I have heard the accusations from critics time and again. We are foolhardy. We are irresponsible. Those are the easy ones. The more common one, as you’re well aware I’m sure, is that we are simply faking it. What is this, then? Do you propose we simply disappeared six of the wealthiest men and women on earth after swindling them for a time travel experience? I think, on some level, that accomplishing that would be a more majestic feat than time travel. Please, have some respect for our morals, or at least what little of them those on social media claim we have.

***

I can, of course, furnish proof. If you get with my assistants after this meeting, they can provide the last known location of our lost Eruption Chrononauts. They are believed to rest in a currently unexcavated stretch of Herculaneum. The whole Pompeii choice was a peculiar location, no doubt, but among them there were two enthusiastic amateur classicists.

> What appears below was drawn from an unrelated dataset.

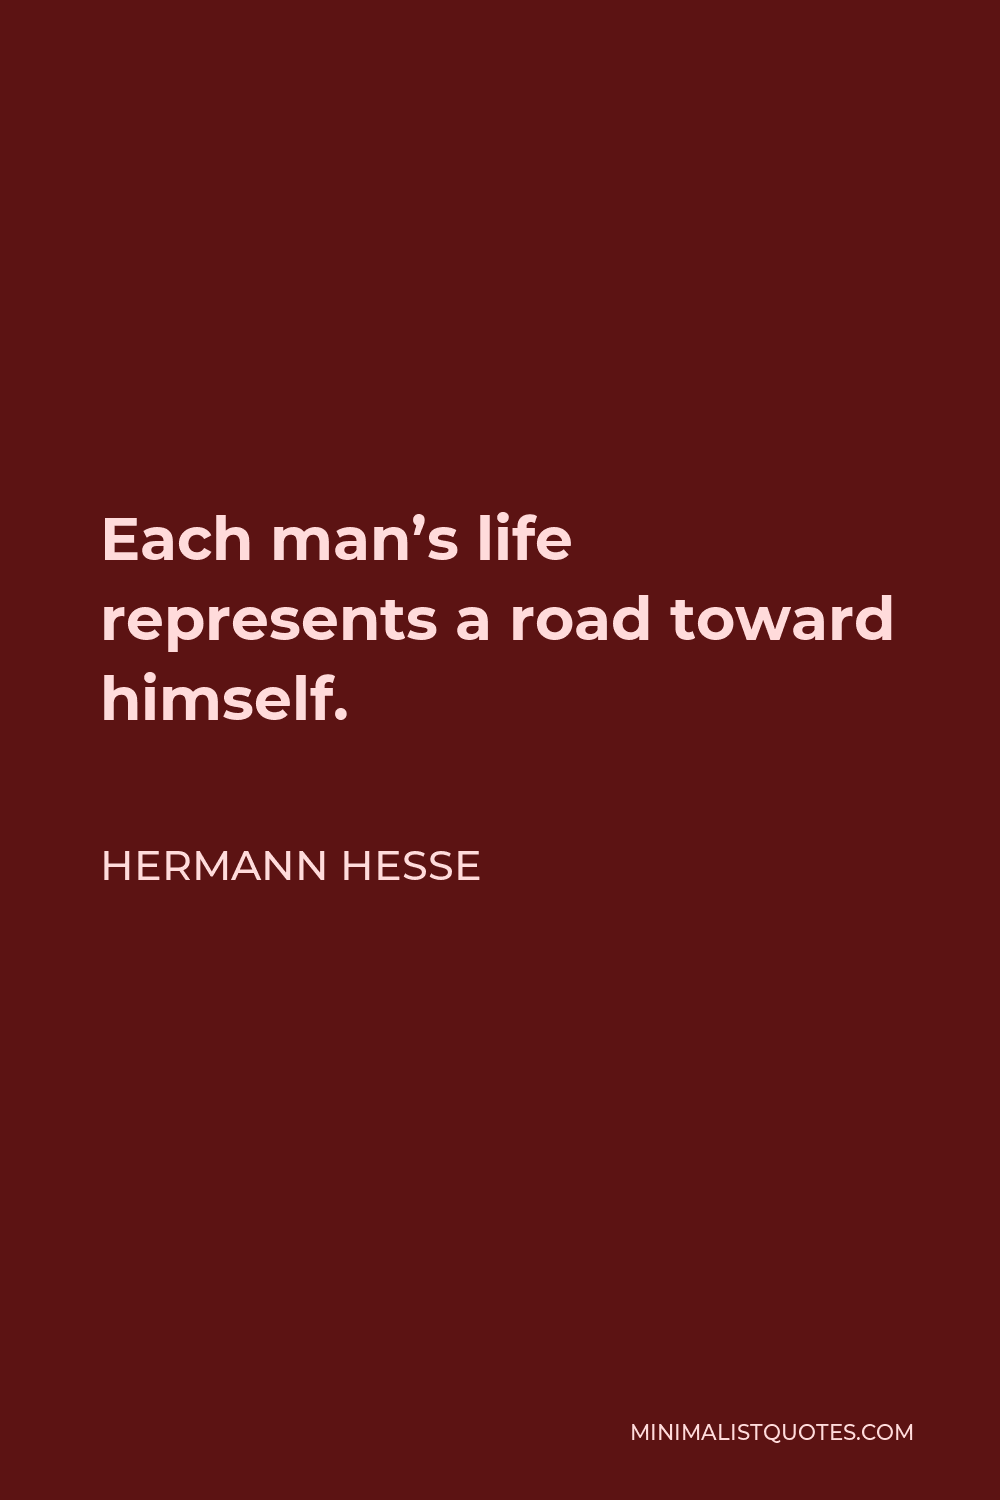 Hermann Hesse Quote - Each man’s life represents a road toward himself.

I do not doubt they made a valiant effort to escape once they realized the return would not work but, alas, like Pliny the Elder himself they found the ash too overwhelming.

***

The issue, my engineers tell me, revolved around entrance to the module upon exit. It is necessary for the traveling craft to reach a certain altitude and then speed before the requisite maneuvers to break the space-time dyad can occur. This assumes that the travelers can get back inside the craft: our available radiometric transmission evidence suggests the capsule door malfunctioned, leaving them scrambling for safety as the creaking mountain’s porcupine cloud began to lurch across the sky.

***
I cannot be responsible for the contradictions of nature, or your doubt in our achievements. Let science absolve me and render me its weighted mercy. Audentes fortuna iuvat.